*** SOURCE DATA ***

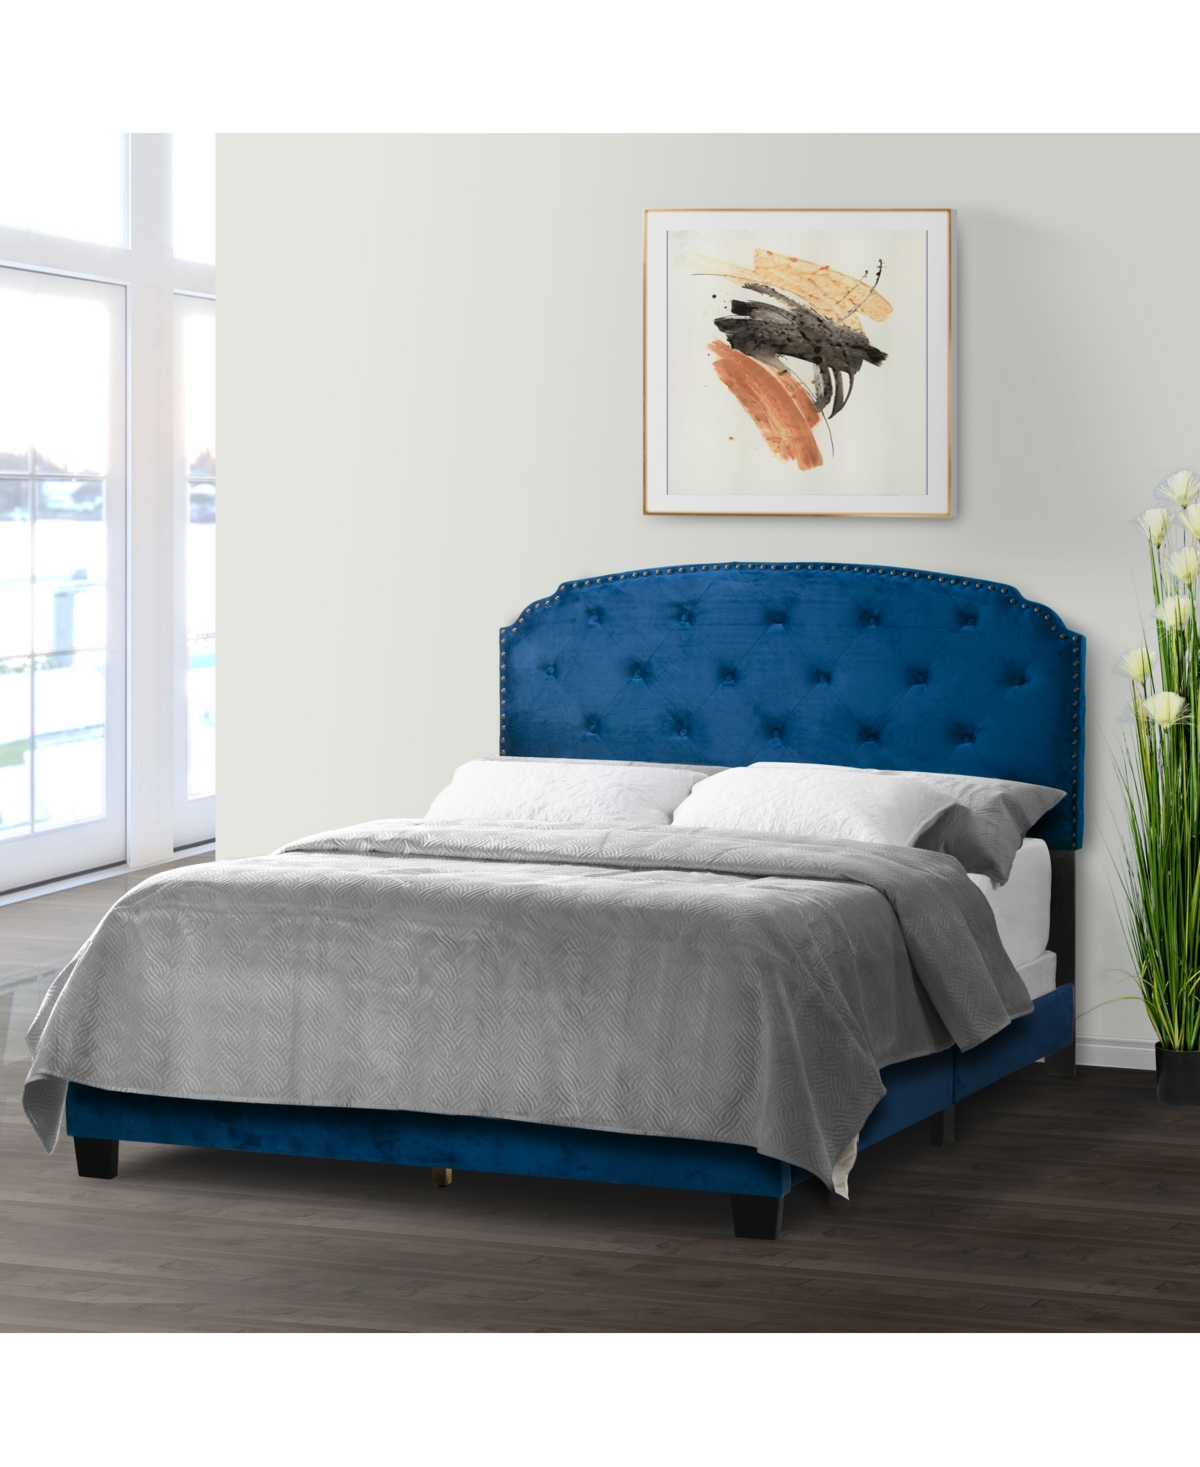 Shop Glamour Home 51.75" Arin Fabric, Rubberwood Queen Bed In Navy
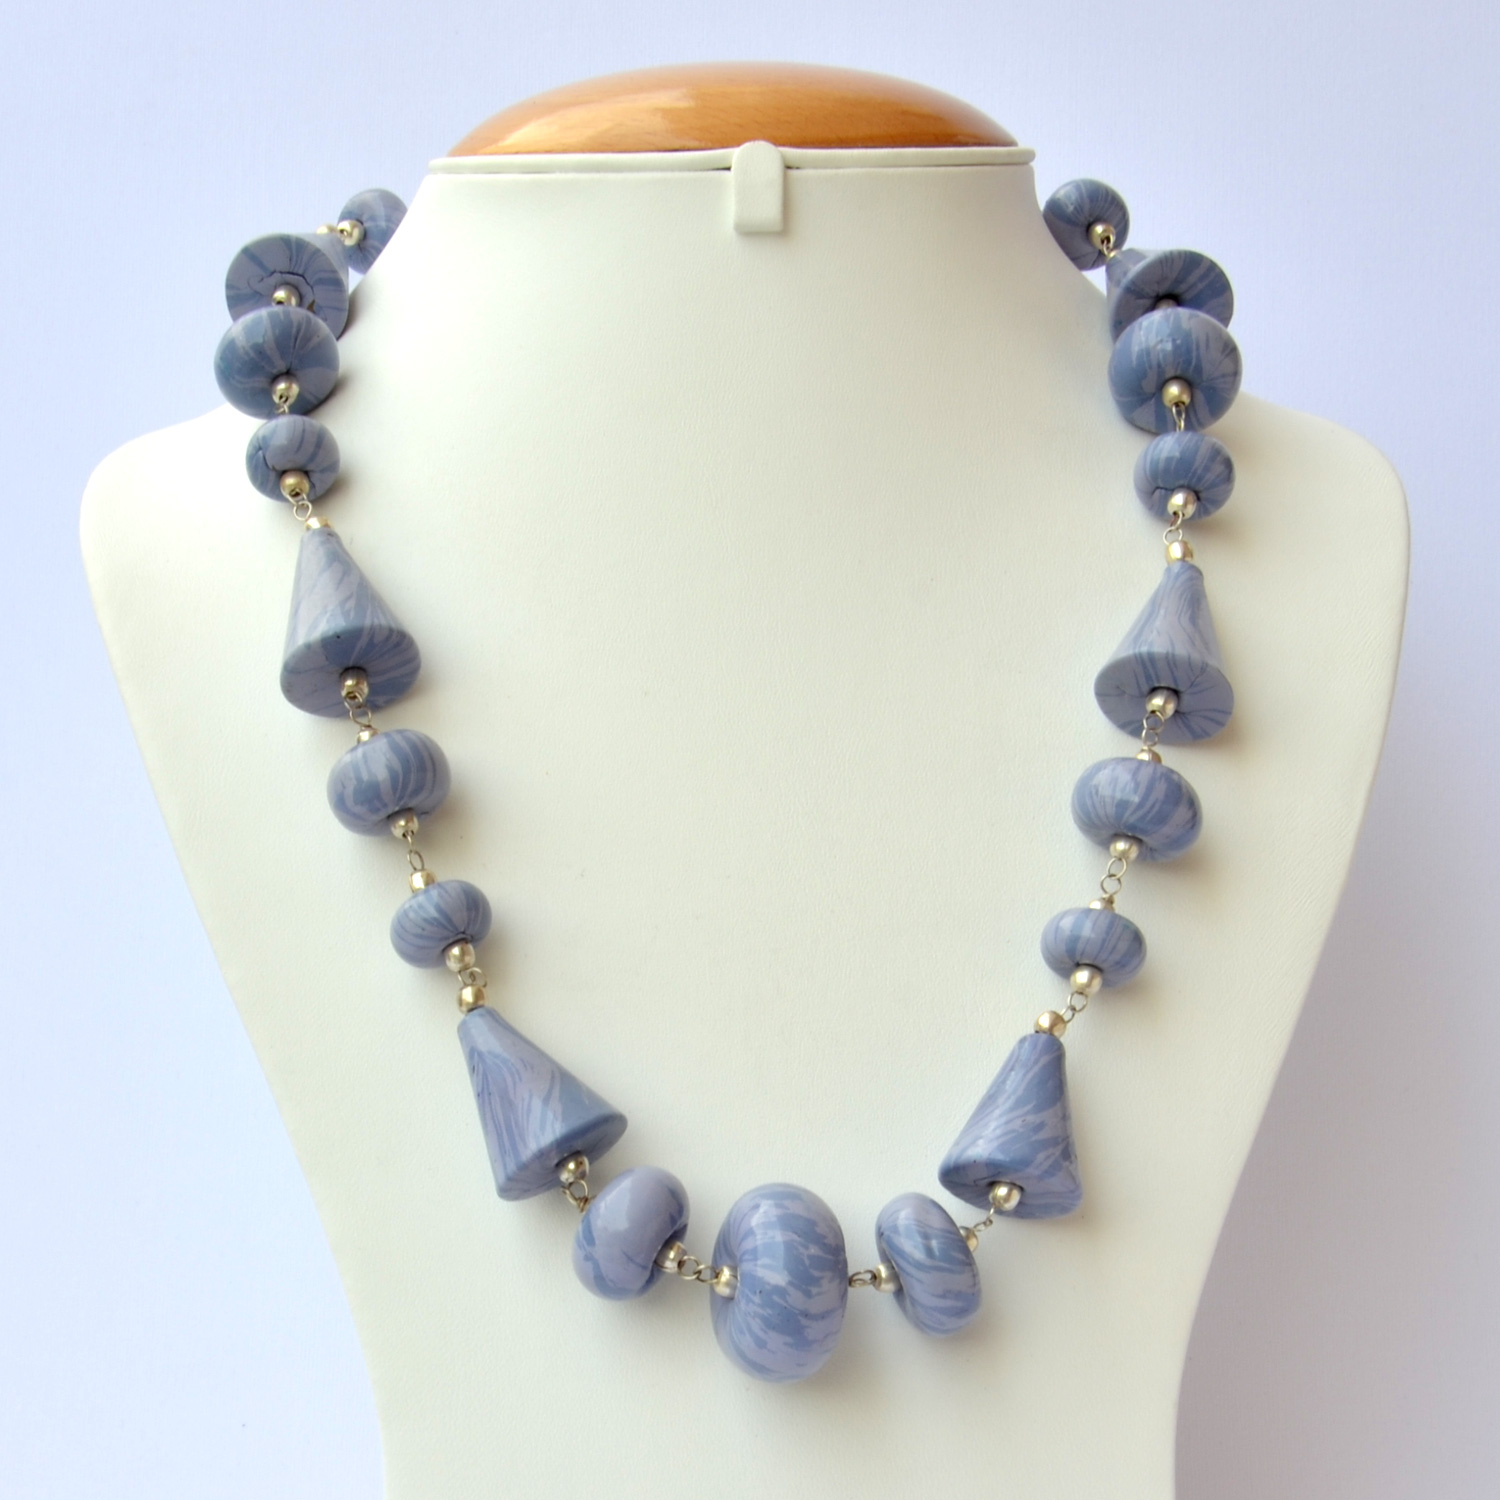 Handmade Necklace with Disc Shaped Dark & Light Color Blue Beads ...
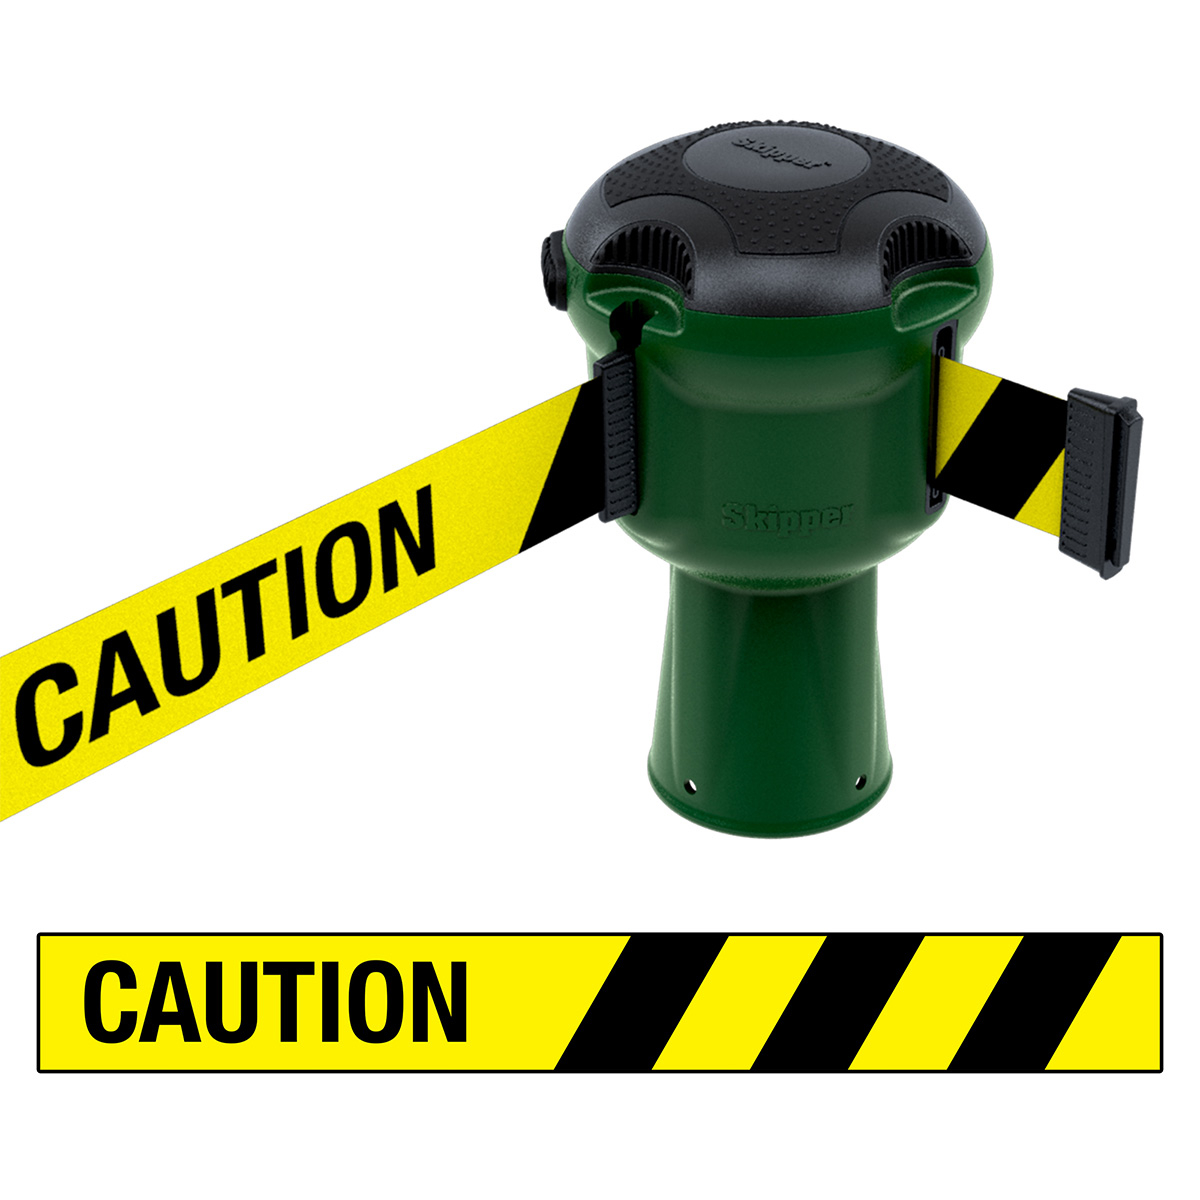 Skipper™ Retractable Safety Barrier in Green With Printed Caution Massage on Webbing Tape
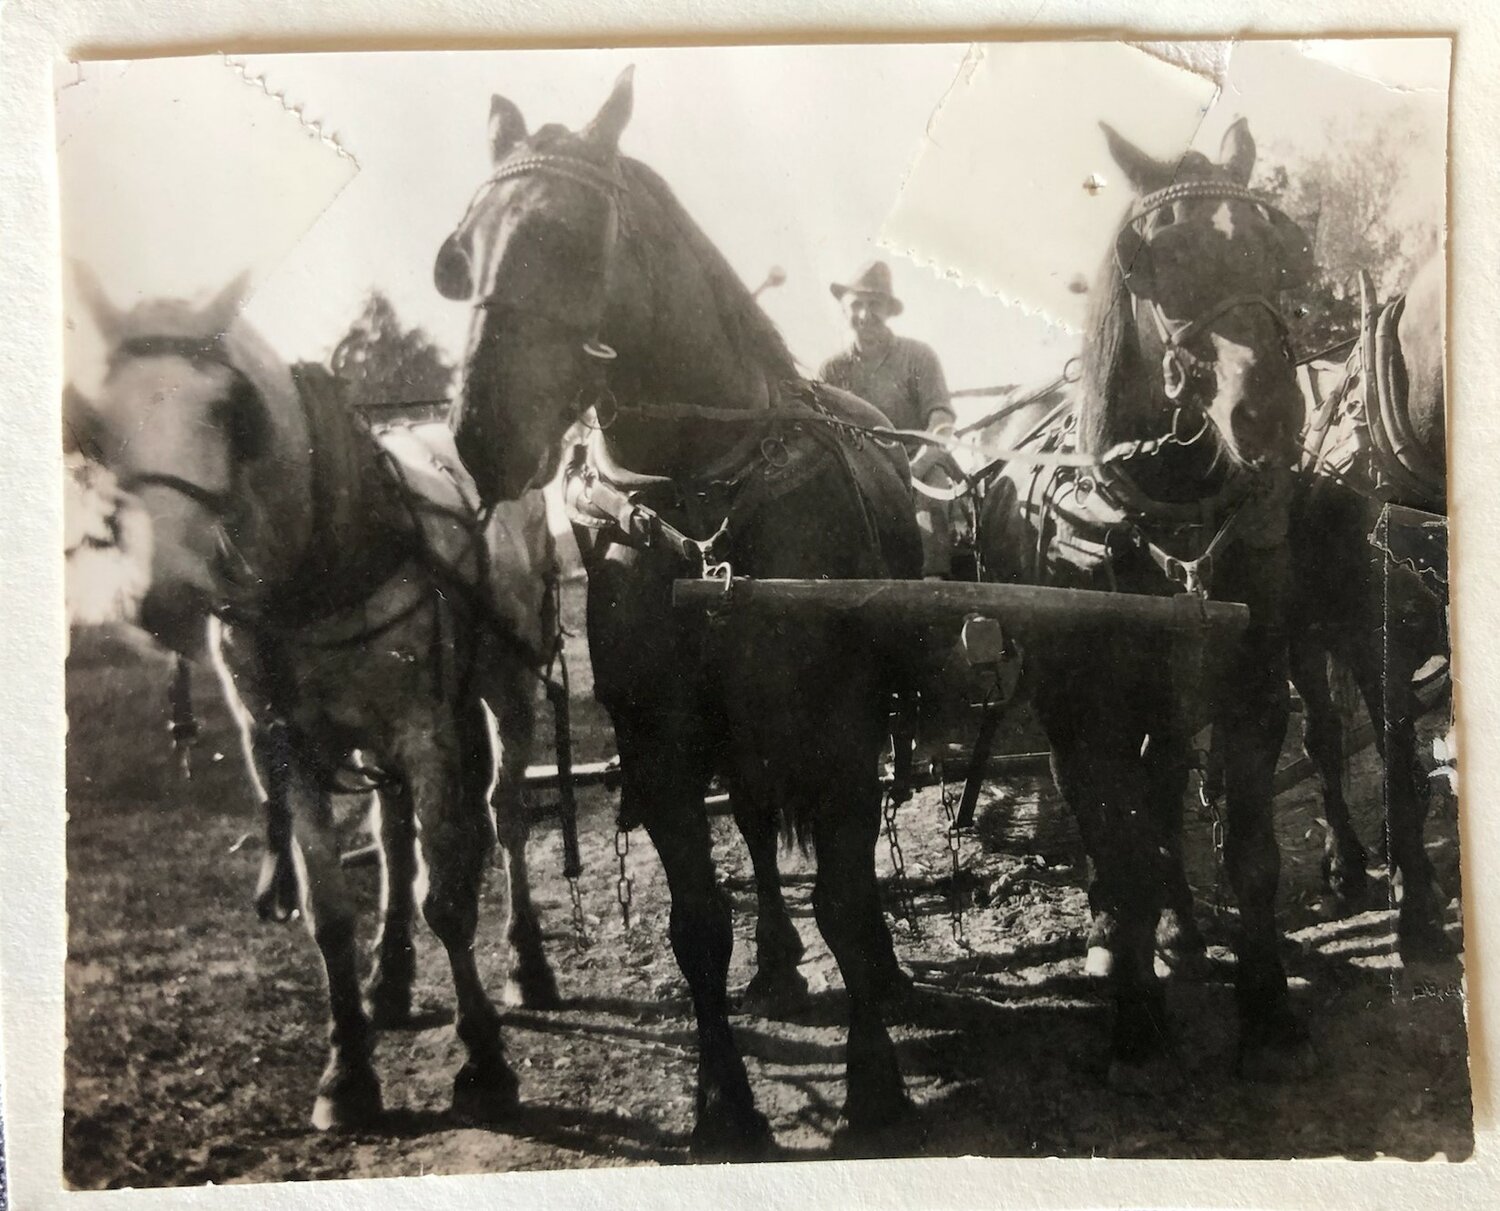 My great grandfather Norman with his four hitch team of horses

*** End of SOURCE DATA ***

TO DO
Write out exactly the lines above, from the very first through the line containing "Skipper™ Retractable Safety", both kept, with the pictures removed.

RESULT OF THE TASK
 Shop Glamour Home 51.75" Arin Fabric, Rubberwood Queen Bed In Navy
 Handmade Necklace with Disc Shaped Dark & Light Color Blue Beads ...
 Skipper™ Retractable Safety Barrier in Green With Printed Caution Massage on Webbing Tape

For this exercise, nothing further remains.